One of the technical basis report for ASME Code Case N-702 is BWR Vessel and Internals Project (BWRVIP)-108, Technical Basis for the Reduction of Inspection Requirements for the Boiling Water Reactor Nozzle-to-Vessel Shell Welds and Nozzle Blend Radii, EPRI Technical Report 1003557, October 2002. In its safety evaluation of BWRVIP-108, dated December 19, 2007 (ADAMS Accession No. ML073600374), the NRC staff documented the BWRVIPs supplemental probabilistic fracture mechanics (PFM) evaluation that showed that the limiting probability of failure (PoF) is 1.98x10-6 per year for normal operation, compared to 1.19x10-7 per year for a low temperature over-pressure (LTOP) event. However, the PFM analysis in to Enclosure 1 of the licensees submittal reported PoF values only for the LTOP event.
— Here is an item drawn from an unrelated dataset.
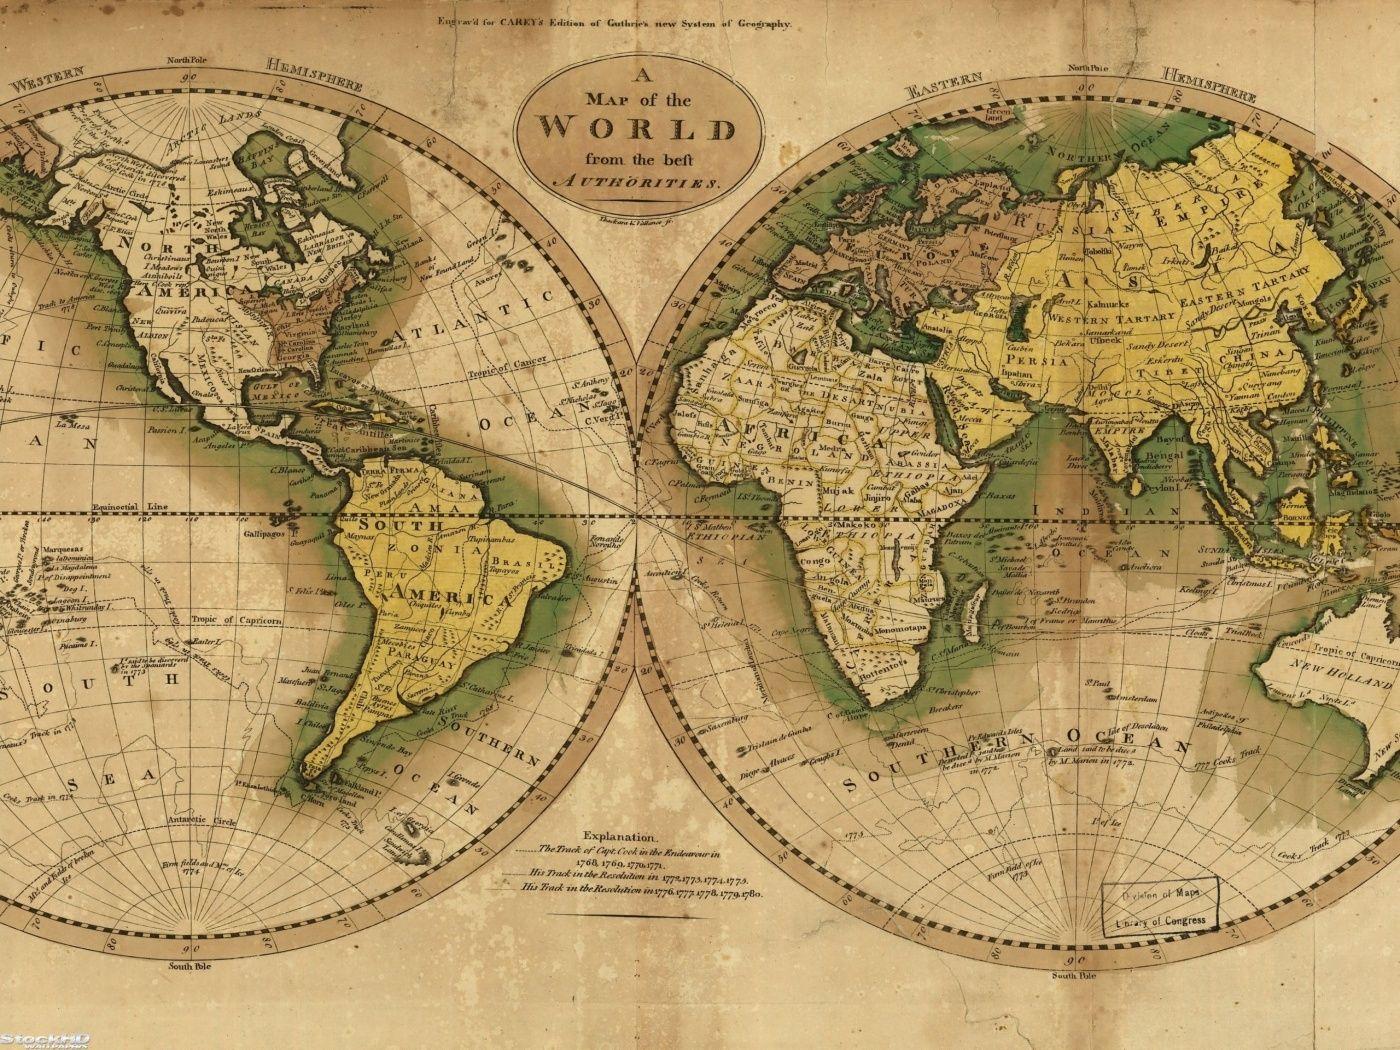 maps world map cartography HD - Image And Wallpaper free

The NRC staff requests the licensee to report the PoF values for normal operation or discuss how the PoF values for LTOP are more limiting than those for normal operation.

RAI 2

Section 3.1 Fatigue Cycles of Attachment 1 to Enclosure 1 of the licensees submittal described the fatigue cycles used in the PFM analysis. The NRC staff requests the licensee to confirm the following: (1) the fatigue cycles of all other transients applicable to the HNP, Units 1 and 2 recirculation inlet and outlet nozzles were lumped into the selected bounding transients, and (2) fatigue crack growth in the PFM analysis was performed using the fatigue cycles projected to 60 years of operation.

RAI 3

Section 4.2.2 Fluence of Attachment 1 to Enclosure 1 of the licensees submittal indicated that since fluence values were not available for the HNP, Units 1 and 2 recirculation inlet and outlet nozzles, the peak fluence at the inside RPV surface from the closest RPV circumferential weld (C4) and the lower vessel shell were used in the PFM analysis. The NRC staff requests the licensee to confirm that RPV circumferential weld C4 and the lower vessel shell selected for fluence values are closer to the active core in the RPV axial direction than the HNP, Units 1 and 2 recirculation inlet and outlet nozzles.